Thursday, July 28, 2005

The Dangers of Pencils

Fate has dealt me a hand of two artistic kids. They love to draw and are pretty decent at it which is further evidence that I am not their real mother. They'll draw on anything but are especially enticed by interesting looking paper. They crowd around available paper like other kids would the Tickle-Me Elmo display during the 2000 Christmas season. There have been small fights and struggles over the custody of particularly long grocery store receipts, the clean white back of which might inspire a really long comic strip. This hoarding of paper products has continued despite the fact that we have reams upon reams of computer paper. Apparently, the receipt paper heralds formerly unconsidered possibilities.

The quantity of drawings my children produce results in primal screams from entire forests when one of them picks up a pencil. To my youngest, drawing is like playing with toys. She draws a scene, interacts with it (complete with sound effects) and then draws subsequent scenes. Inevitably, the final scene involves some kind of explosion.

My oldest is thirteen and loves to draw her typical teen attitude in picture form. All of the things she might be afraid to say aloud are pumped into drawings of surly teens insulting the casual observer. Born an animal lover, she used to draw puppies and horses but now draws a variety of mythical creatures including and especially fire-breathing dragons. Symbolic? She's 13.

While these kids can depict a variety of life-like objects on paper in recognizable form, they cannot legibly scrawl out their names. The irony of this is not spared on me, who can't draw anything except stick figures, but can manage legible handwriting. My next-door-neighbor whose kids are artistic has said the same of her children.

I am still amazed by some of the pictures thrust in front of me by my progeny considering that I can't really draw except through a long process of deliberate copying involving an overhead projector and a mound of tracing paper. I can craft, sure, but that's not art. While my kids seem artistic, I guess that makes me craftastic.

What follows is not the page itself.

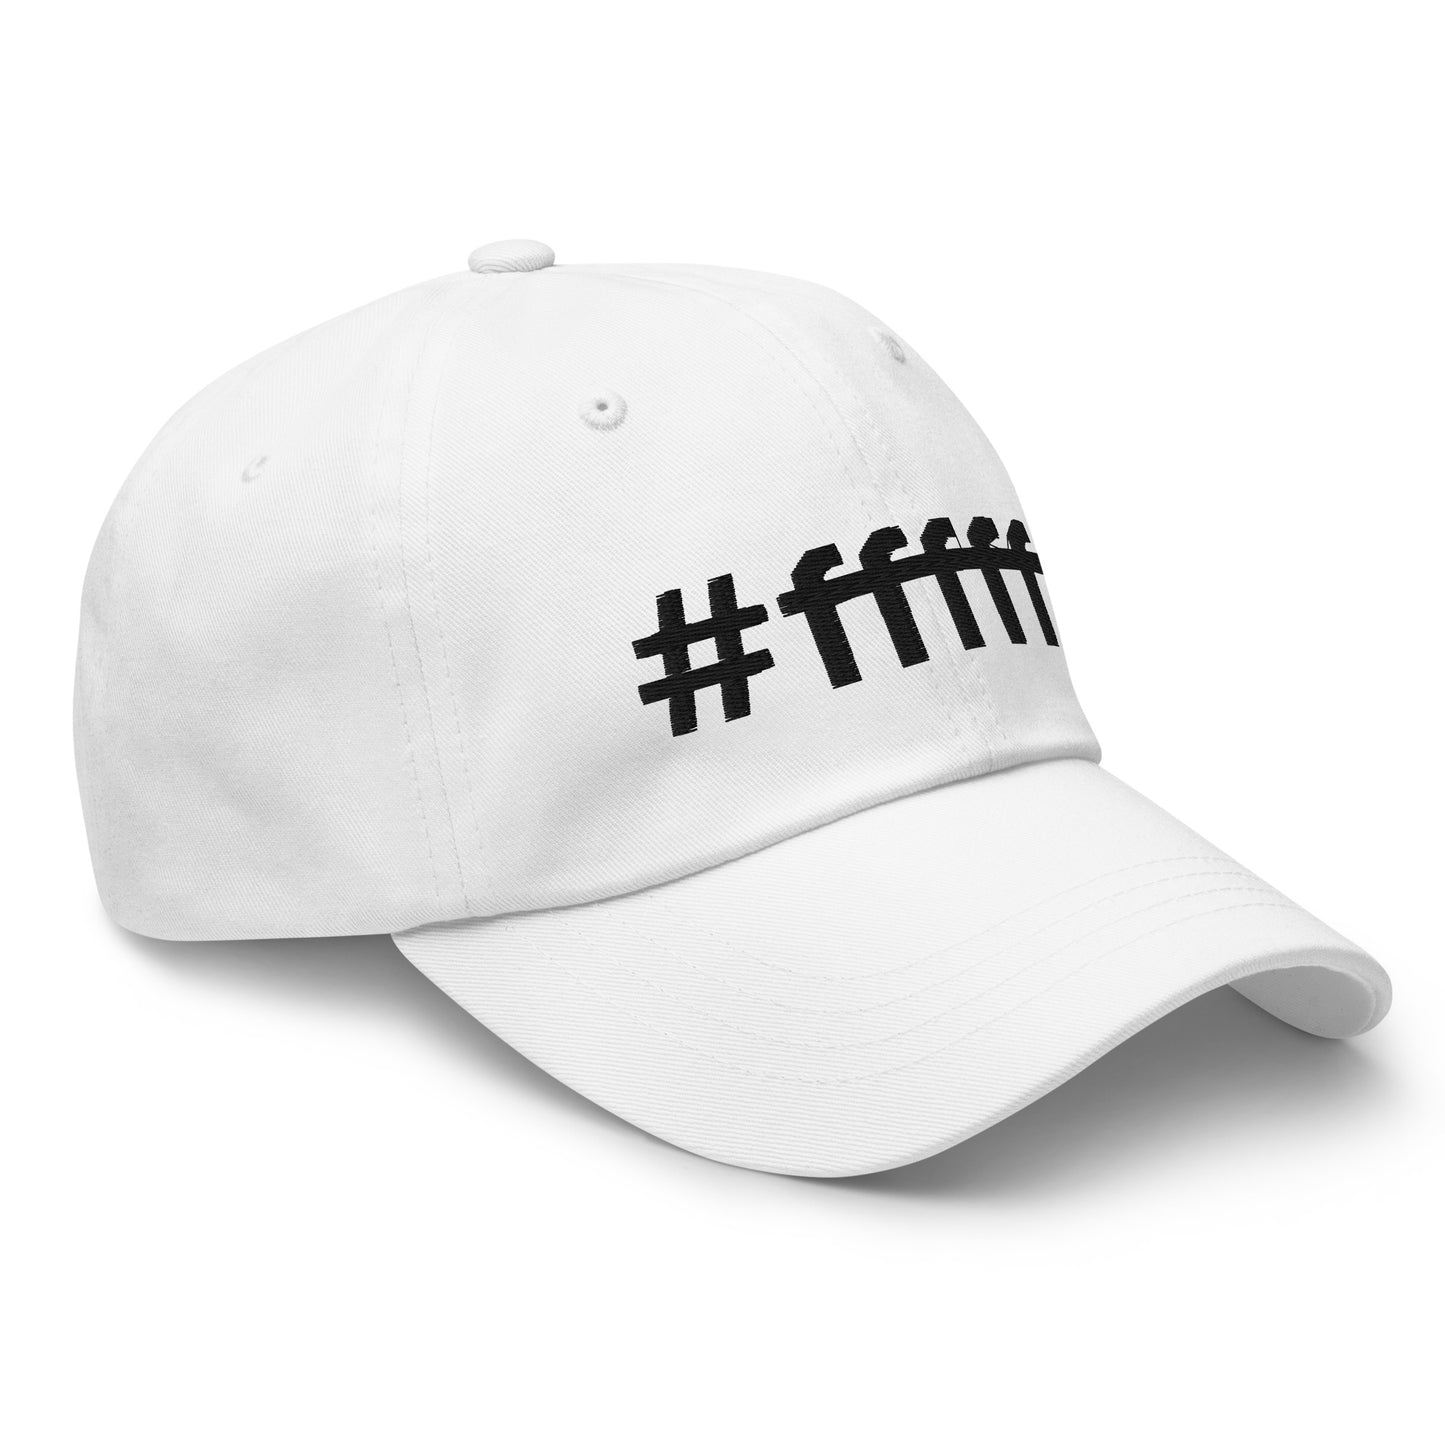 #ffffff Embroidered Dad hat

I have heard that these kinds of kids might be more visual-spatial in how they think about the world and that this trait is often shared by related children. It could be true. However, I concur with another of my neighbor's statements about her artistic kids -- they were born with pencils in their hands. That would certainly have explained the c-sections.

They have said that every decision it is possible to make could spawn an entire universe -- that every decision has been made in some alternate universe. Peanut Butter Captain Crunch or Frankenberry? Poof, an extra universe in which my tastebuds actually prefer the Frankenberry splits off from this one and all of the decisions I make in that universe are based upon my berry over peanut butter preference. Maybe, in that universe, I would have bought the Thunderbird instead of the Monza (yeah, I know) as my first car.

What if this alternate universe theory also involves drawings? What if every drawing spawns an entire universe revolving around that drawing? Then are whole societies born on the premise of merhorses or orange people with elastic tentacles erupting from their heads; entire social and political systems which revolve around the conflicts between giant sentient robotic forms of kelp and dinosaur-like insects? Does that make us the absurd form of some child's imagination that was looked upon by some mother who chuckled at her child's drawing and then stuck it up on her refrigerator?